Entries provided:

———

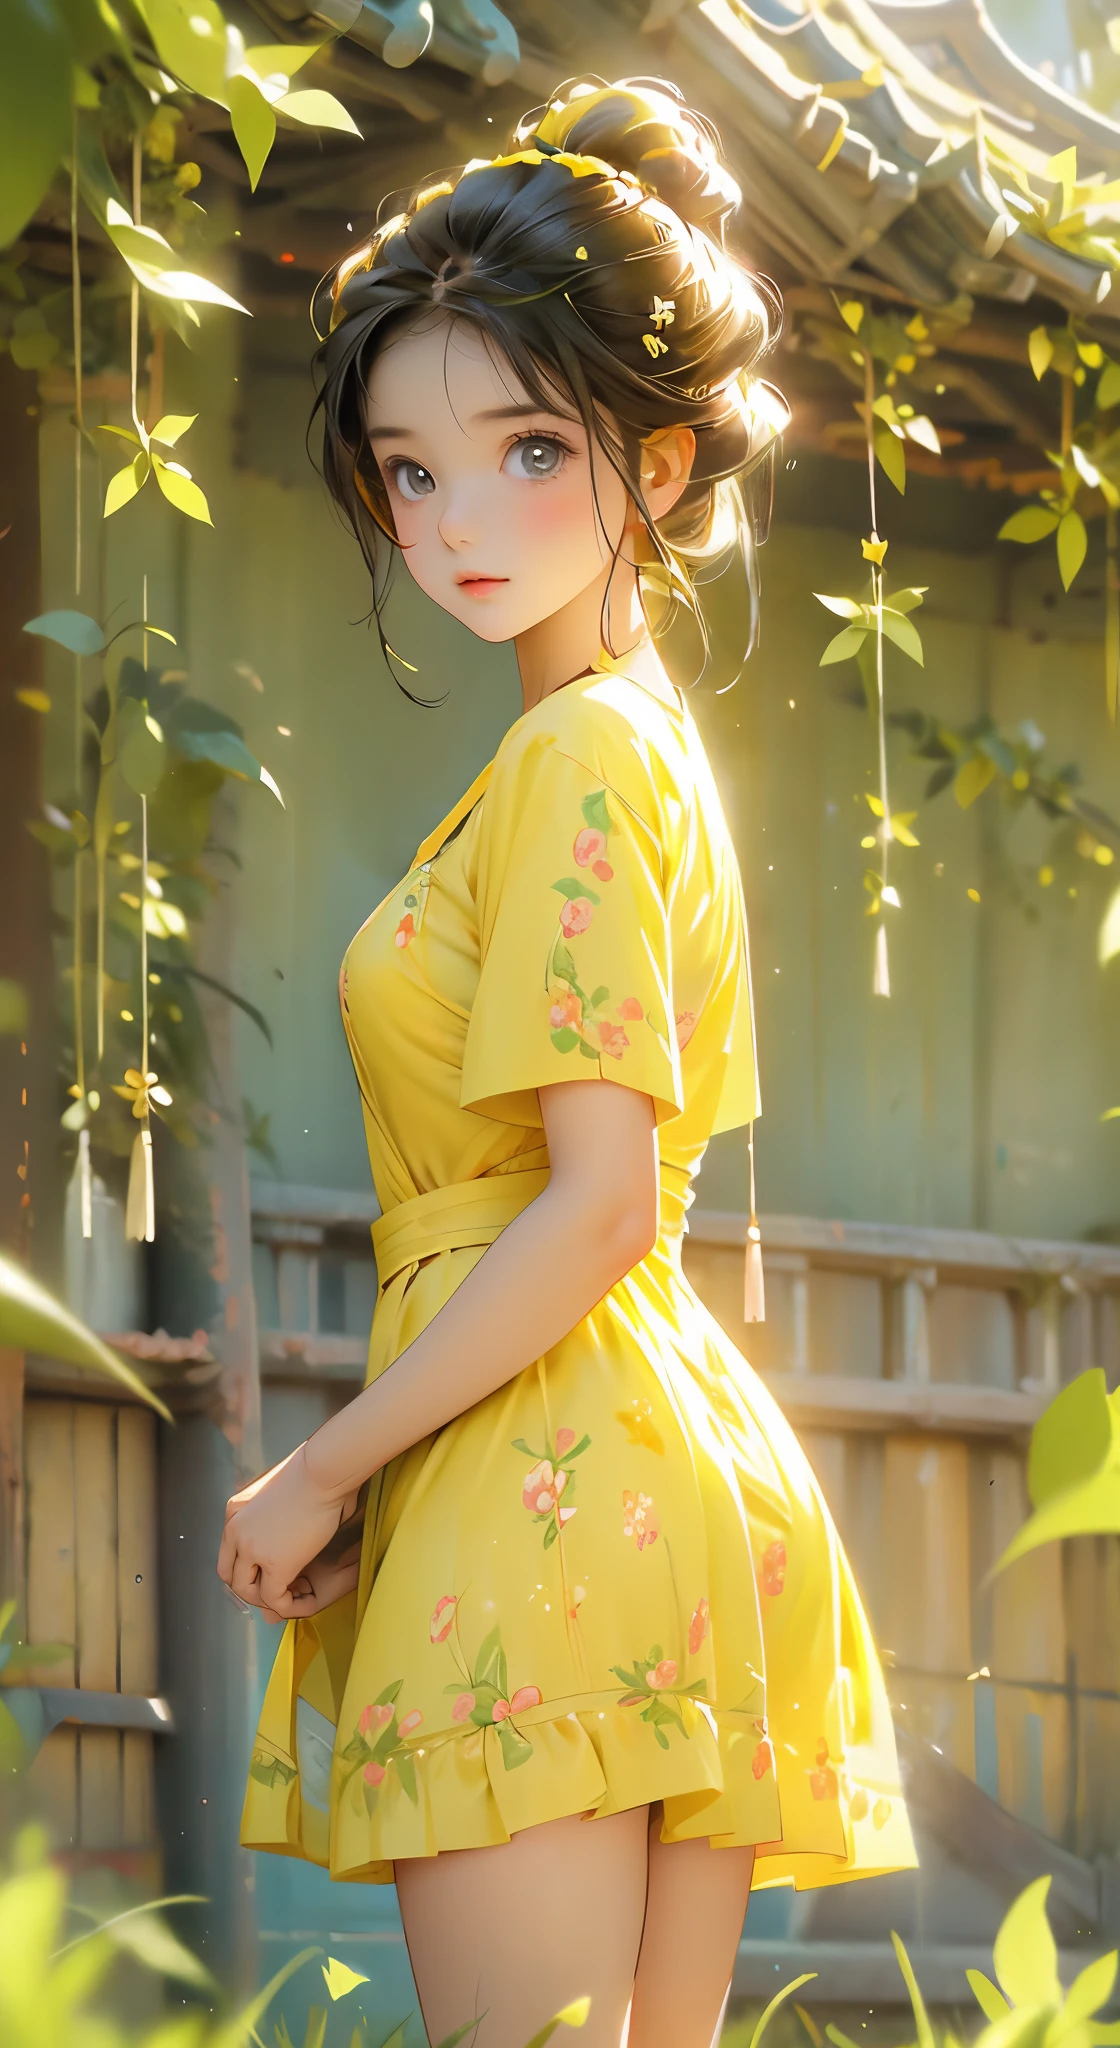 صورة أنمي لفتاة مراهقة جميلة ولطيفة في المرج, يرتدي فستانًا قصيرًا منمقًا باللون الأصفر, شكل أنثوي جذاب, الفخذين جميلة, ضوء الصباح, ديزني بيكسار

———

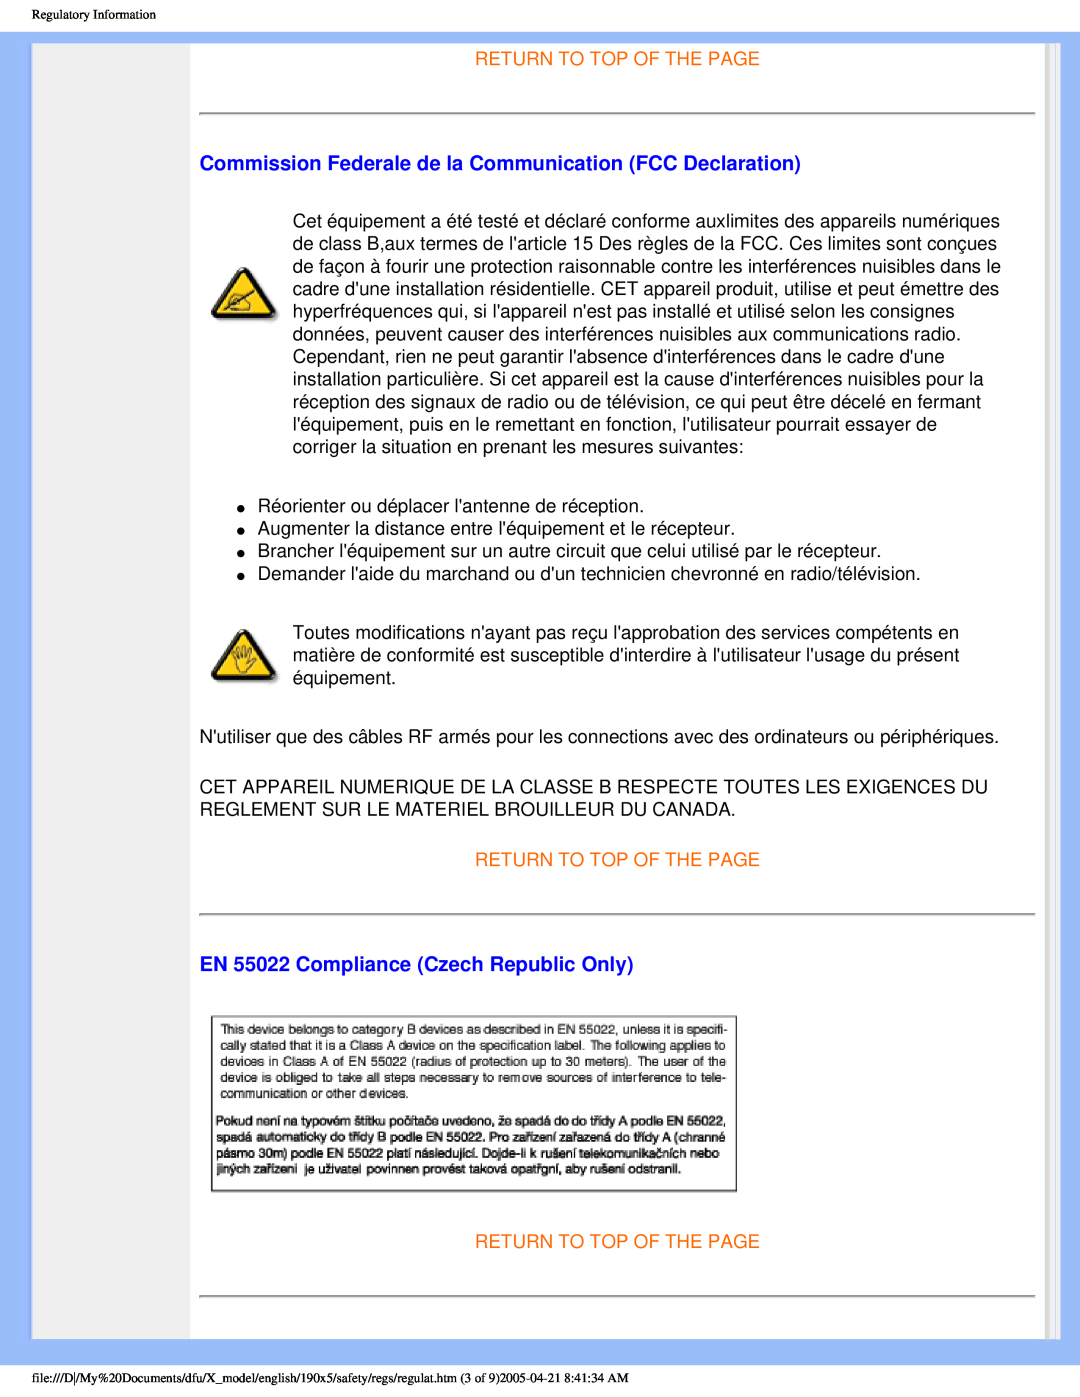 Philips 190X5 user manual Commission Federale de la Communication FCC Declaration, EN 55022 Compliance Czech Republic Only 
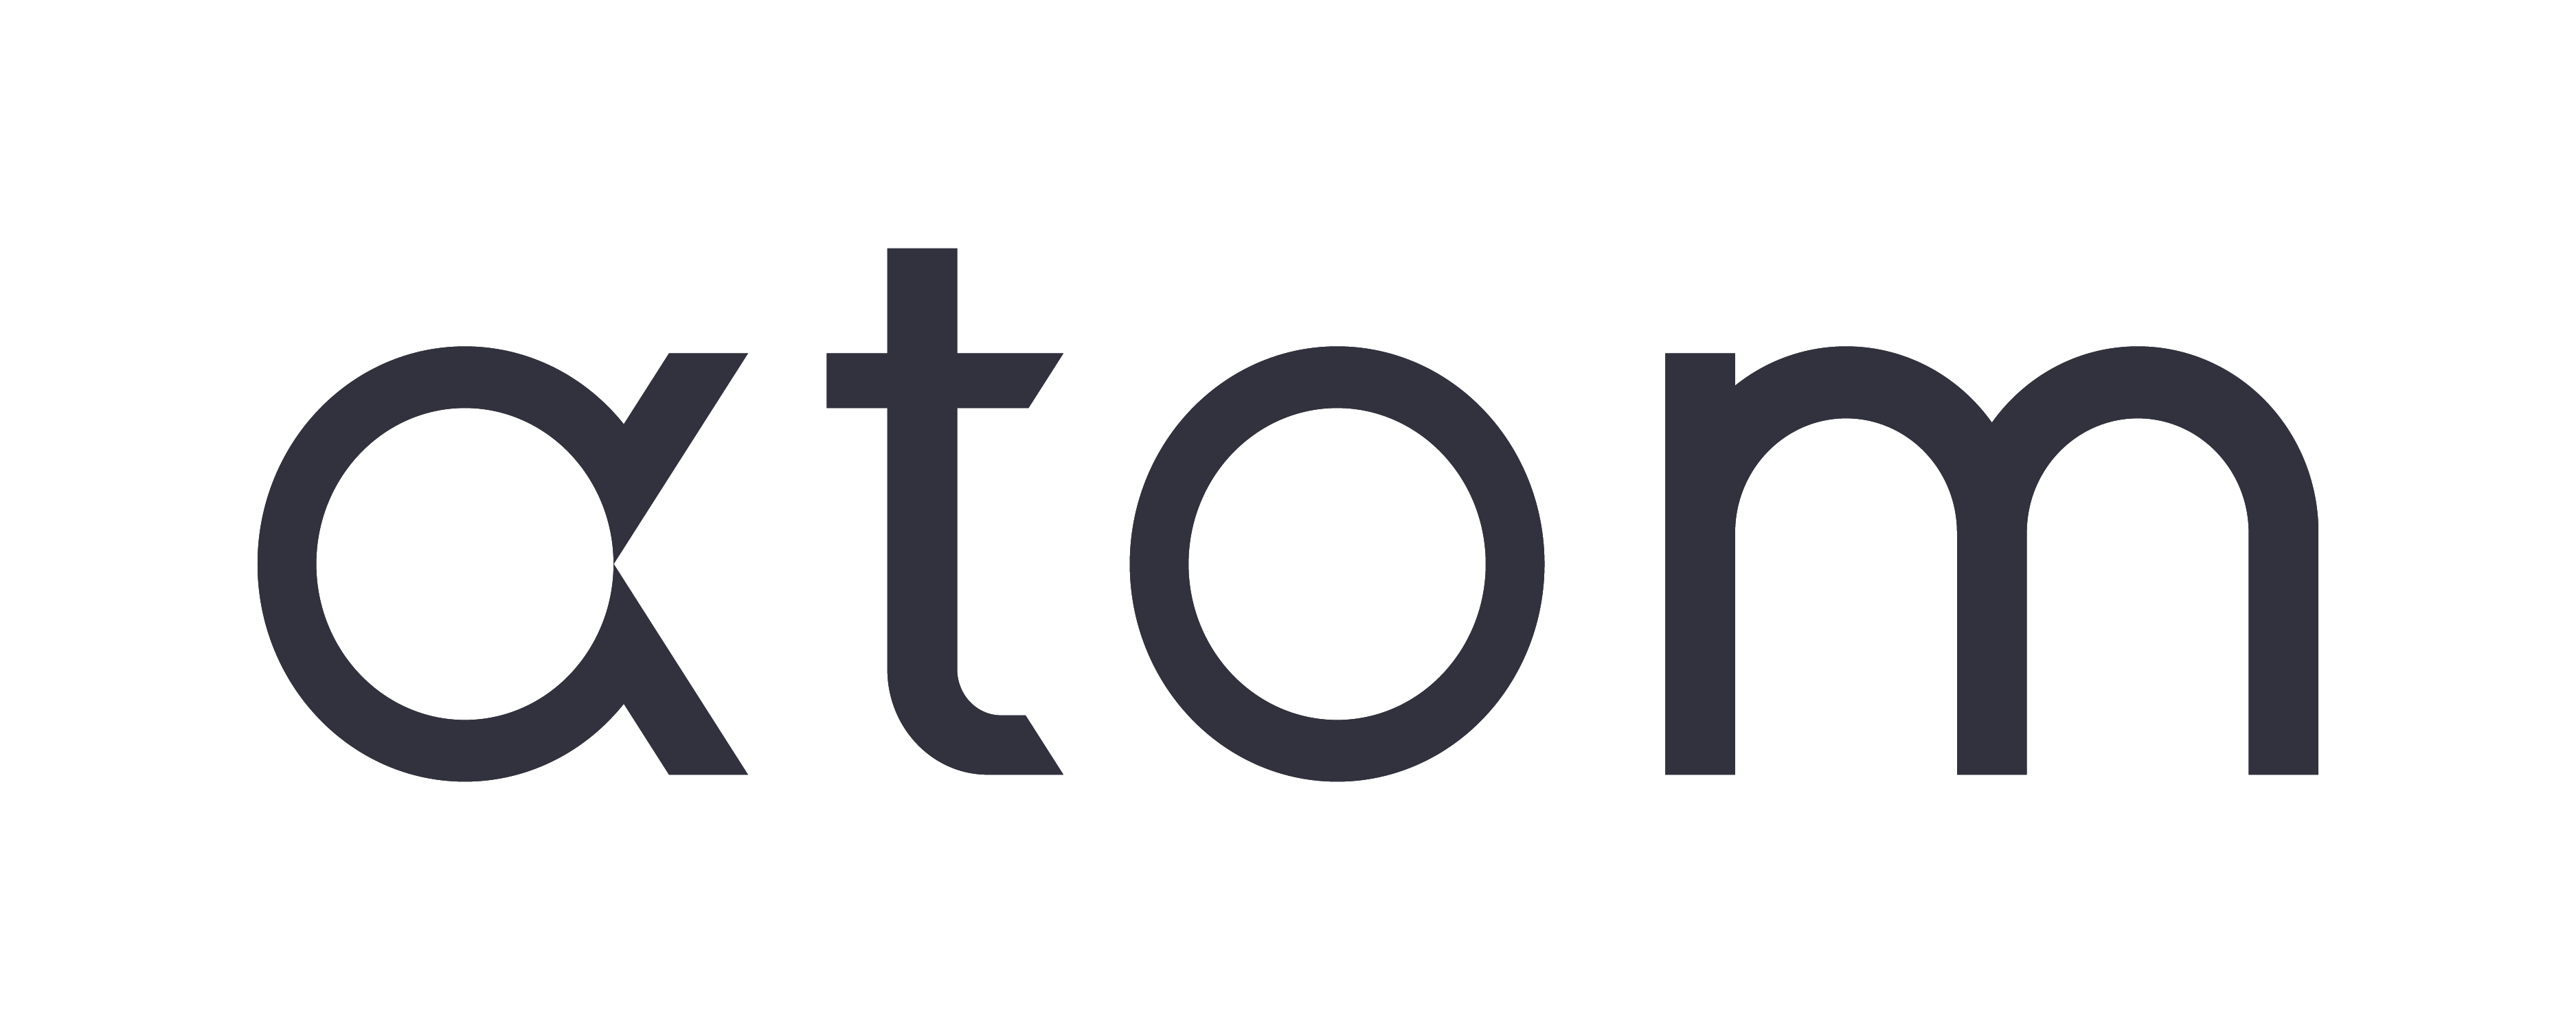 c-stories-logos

———

Your assignment: Only one stretch of the listing is wanted: the lines starting at the one with "Philips 190X5 user" and ending at the one with "c-stories-logos", copied exactly and free of pictures.

Response:
 Philips 190X5 user manual Commission Federale de la Communication FCC Declaration, EN 55022 Compliance Czech Republic Only 
 c-stories-logos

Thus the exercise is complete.